Is Baptism a Ceremonial Washing?
The Hebrew word tevilah was translated by the Greek word baptisma. They both mean wash or immerse. The idea of plunging into water is associated with Christ plunging into death and rising again in newness of life (Rom 6:4-6). Baptism unites us to the mystery of Christ’s death and resurrection and it is therefore associated with regeneration, recreation, the forgiveness of sins, life everlasting, and the final resurrection of the body. Christ spoke of his death as a “baptism” when he asked John and James, “Are you able to be baptized with the baptism with which I am baptized?” (Mk 10:38)

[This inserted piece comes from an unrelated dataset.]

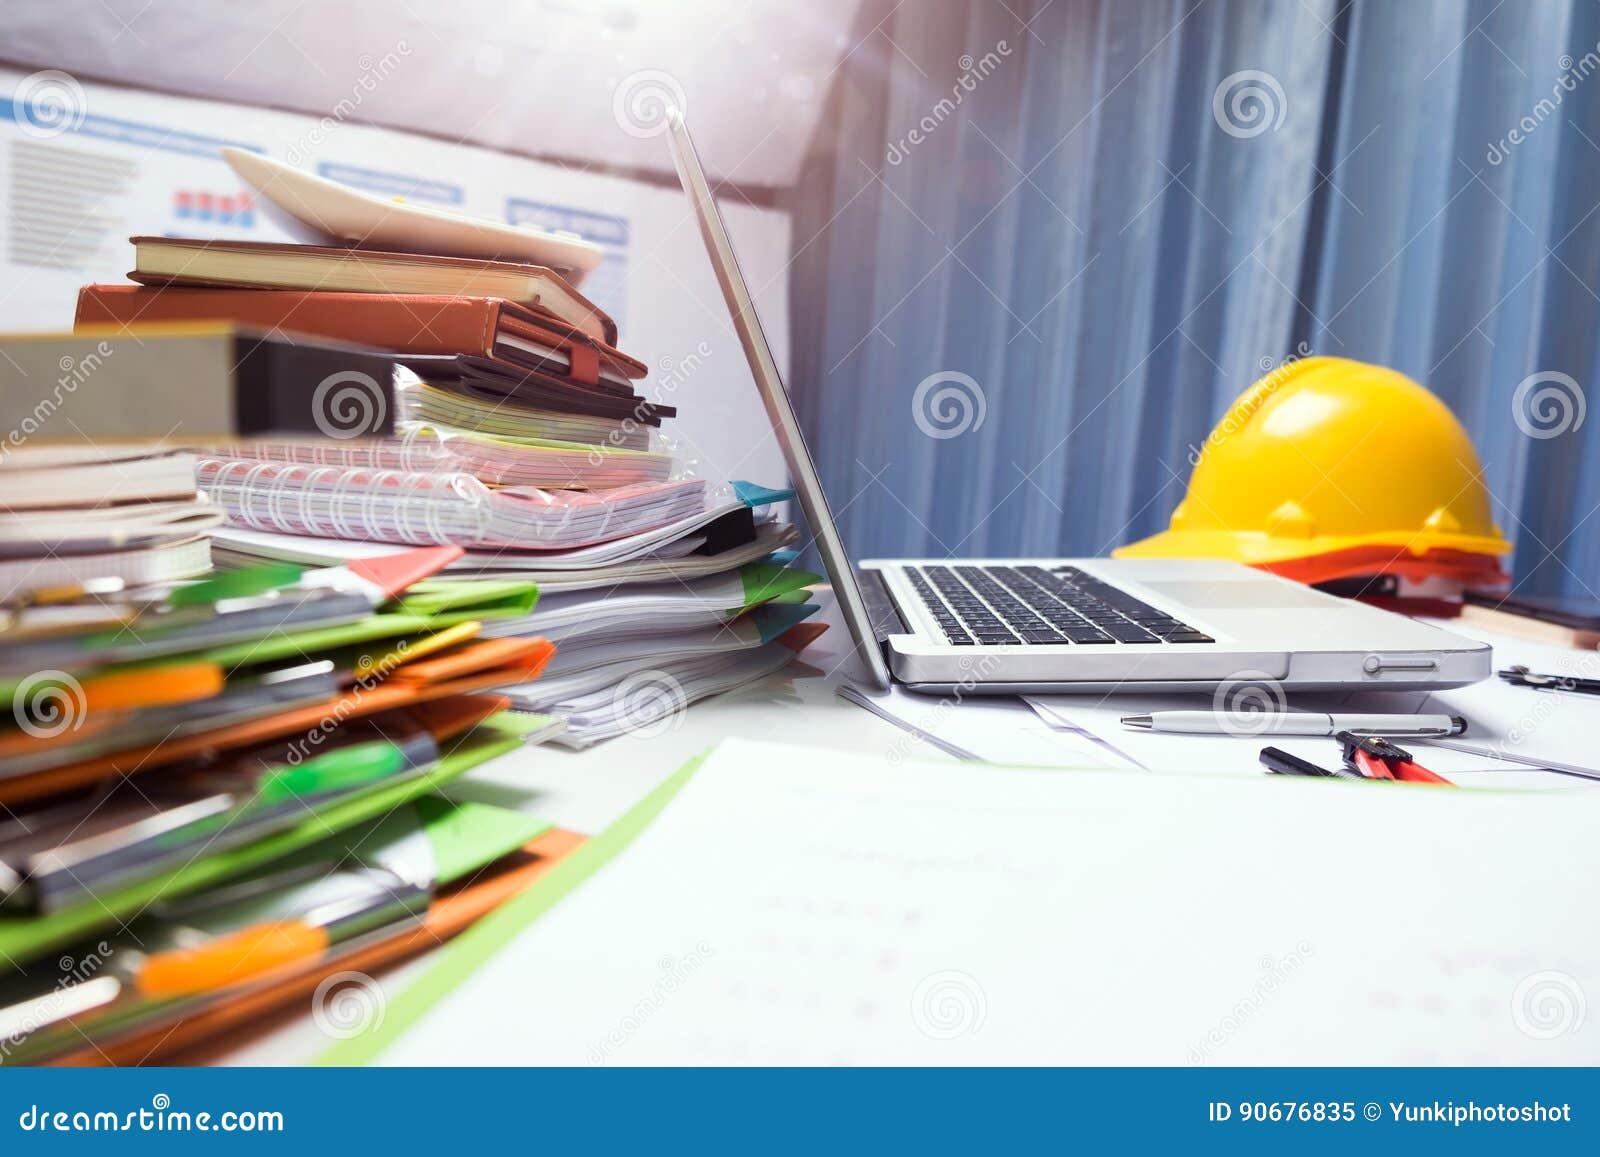 Propiedad que dirige la tableta de trabajo del escritorio del contratista con madera ho
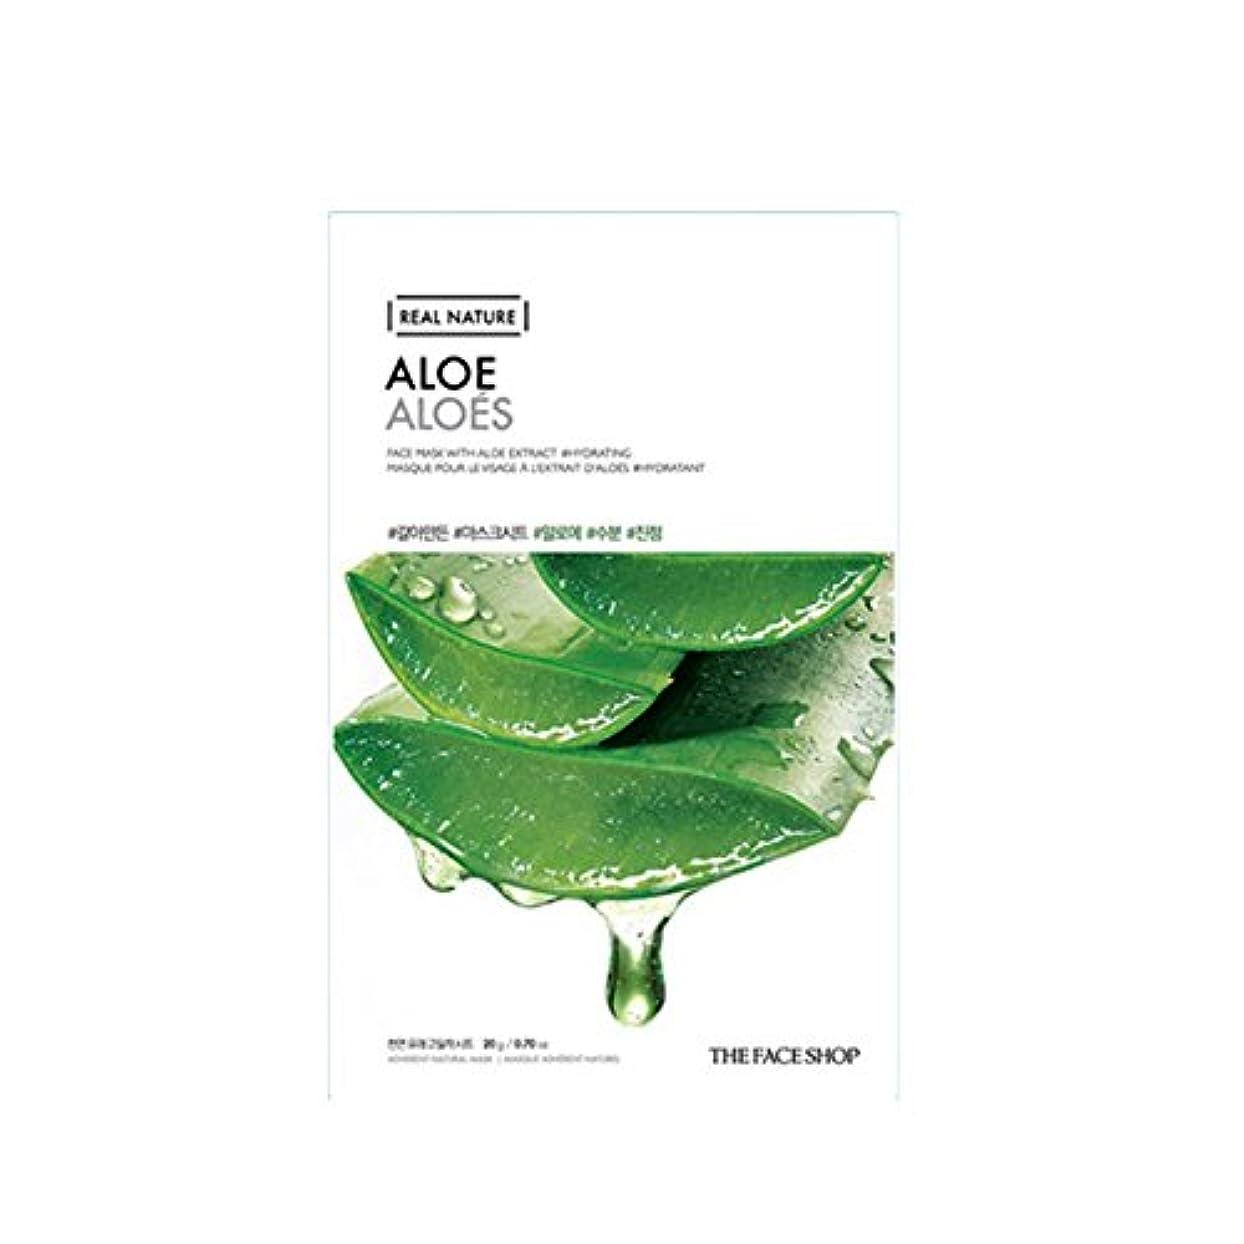 ボールハンディ海洋の[The Face Shop] ザフェイスショップ リアルネイチャーマスクシート Real Nature Mask Sheet (Aloe (アロエ) 10個) [並行輸入品]

As we can see then, Christ brings all the ceremonial washings of the Old Testament to fulfillment in His own body and ministry. The Old Covenant water rites find their fulfillment in His institution of New Covenant baptism:
All the Old Covenant rites find their fulfillment in Christ Jesus. He begins his public life after having himself baptized by St. John the Baptist in the Jordan. After his resurrection Christ gives this mission to his apostles: “Go therefore and make disciples of all nations, baptizing them in the name of the Father and of the Son and of the Holy Spirit, teaching them to observe all that I have commanded you” (Catechism of the Catholic Church, no. 1223).The Spirit over the waters at creation, the Great Flood and deliverance of Noah, the passing through the Red Sea with Moses, the crossing of the Jordan River, the customary ceremonial washings—all these events point toward Christ and find their fulfillment in the sacrament of baptism.
Saint Paul teaches that we enter into Christ’s death and resurrection by “putting on Christ” (Gal 3:27) and being regenerated through the Holy Spirit (Titus 3:5). Baptism formally identifies us with Christ’s death (for the forgiveness of sins) and his resurrection (for our resurrection and eternal life).
Do you not know that all of us who have been baptized into Christ Jesus were baptized into his death? We were buried therefore with him by baptism into death, so that as Christ was raised from the dead by the glory of the Father, we too might walk in newness of life (Rom 6:4-6).Baptism also plants in us the “incorruptible seed” of God’s Word (1 Pet 1:23) so that we might grow to full maturity in Christ.